DDRL combines EMR-driven learning with simulated episodes and a discriminator to suppress out-of-distribution Q-value inflation, aligning with clinician policies while outperforming CQL in expected return across two hospitals.

Impact: Addresses core limitations of offline RL for sepsis by curbing OOD overestimation and improving alignment with physician policy, a key step toward safe clinical decision support.

Clinical Implications: If prospectively validated, DDRL could inform bedside decision support for individualized sepsis therapy while maintaining clinician-aligned actions, potentially improving care consistency.

Key Findings

  • Introduced Dyna-Based Discriminative RL leveraging EMR data and simulated episodes to mitigate limited exploration in offline settings.
  • Discriminator suppresses Q-values for out-of-distribution actions, reducing deviation from physician policies.
  • Across two hospitals, DDRL improved expected return by 3.4% and 5.6% over CQL and exceeded physician policy performance by 18.7% and 8.3%; policy cosine similarity reached 81.68% and 90.90%.

Methodological Strengths

  • Multi-center evaluation with quantitative benchmarking against CQL and clinician policies.
  • Principled mitigation of out-of-distribution overestimation using a discriminator within a Dyna framework.

Limitations

  • Offline evaluation without prospective or interventional validation; improvements in expected return may not translate to clinical outcomes.
  • Lack of detailed reporting on cohort sizes, case-mix, and generalizability beyond two centers.

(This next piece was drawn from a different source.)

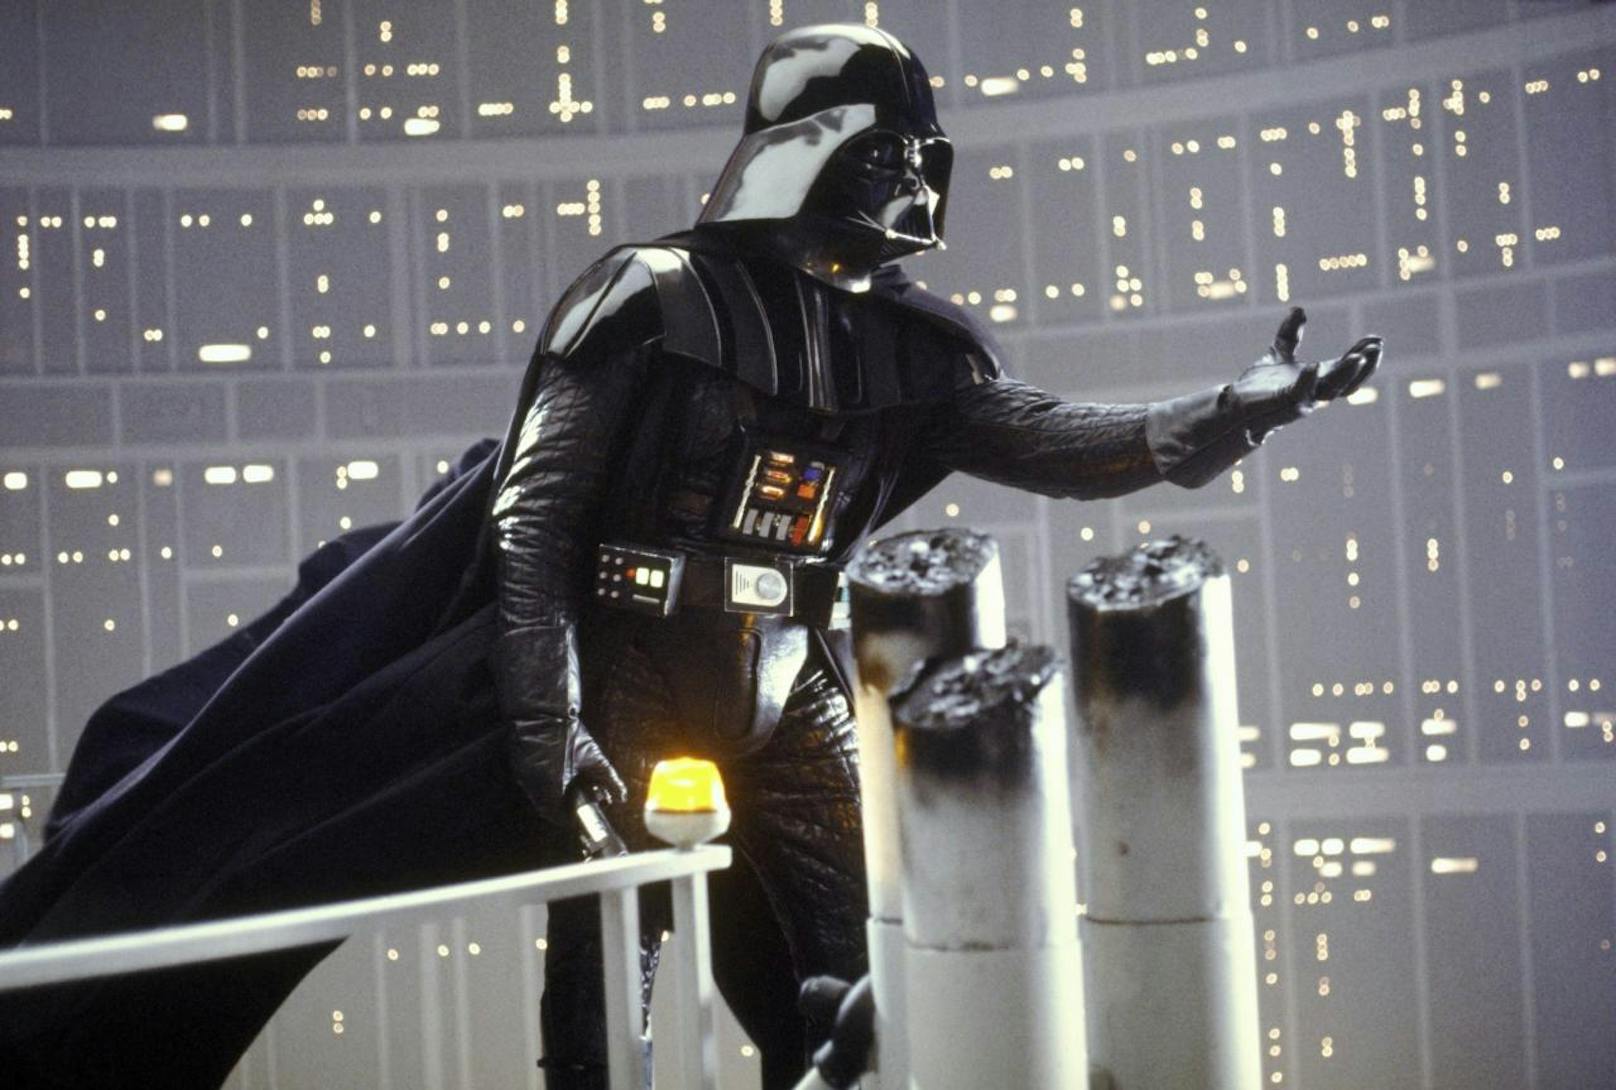 Darth Vader versucht, Luke auf die dunkle Seite zu ziehen.

Future Directions: Prospective silent deployment with off-policy evaluation safeguards, domain shift assessment, and eventual randomized clinical evaluation for safety and efficacy.

Optimizing automated sepsis treatment policies using Reinforcement Learning (RL) has gained attention for improving quality of medical care and address physician shortages. However, in an offline setting, an RL agent cannot explore all possible treatment episodes, leading to an overestimation of Q-values for unexplored treatments. This causes a significant deviation from the physician's policy and results in the RL policy converging to a suboptimal policy. To address this problem, we propose Dyna-Based Discriminative Reinforcement Learning (DDRL), which aims to learn an optimal treatment policy that aligns with physician treatment policy. Our method utilizes both Electronic Medical Record (EMR) data and simulated treatment episodes to mitigate the limitations of restricted treatment exploration. Additionally, by leveraging a Discriminator, we suppress the Q-values of out-of-distribution treatments, preventing overestimation and reducing deviation from the physician treatment policies. The method was evaluated using data from Ajou University Hospital and Asan Medical Center. The expected return of the DDRL policy was 7.29 for Asan Medical Center and 4.55 for Ajou University Hospital, outperforming the Conservative Q-Learning (CQL) method by 3.4% and 5.6%, and surpassing the physician's policy by 18.7% and 8.3% respectively. The cosine similarity between DDRL and physician policies was 81.68% for Asan Medical Center and 90.90% for Ajou University Hospital, which is 0.73% and 26.11% higher, respectively, than the CQL method.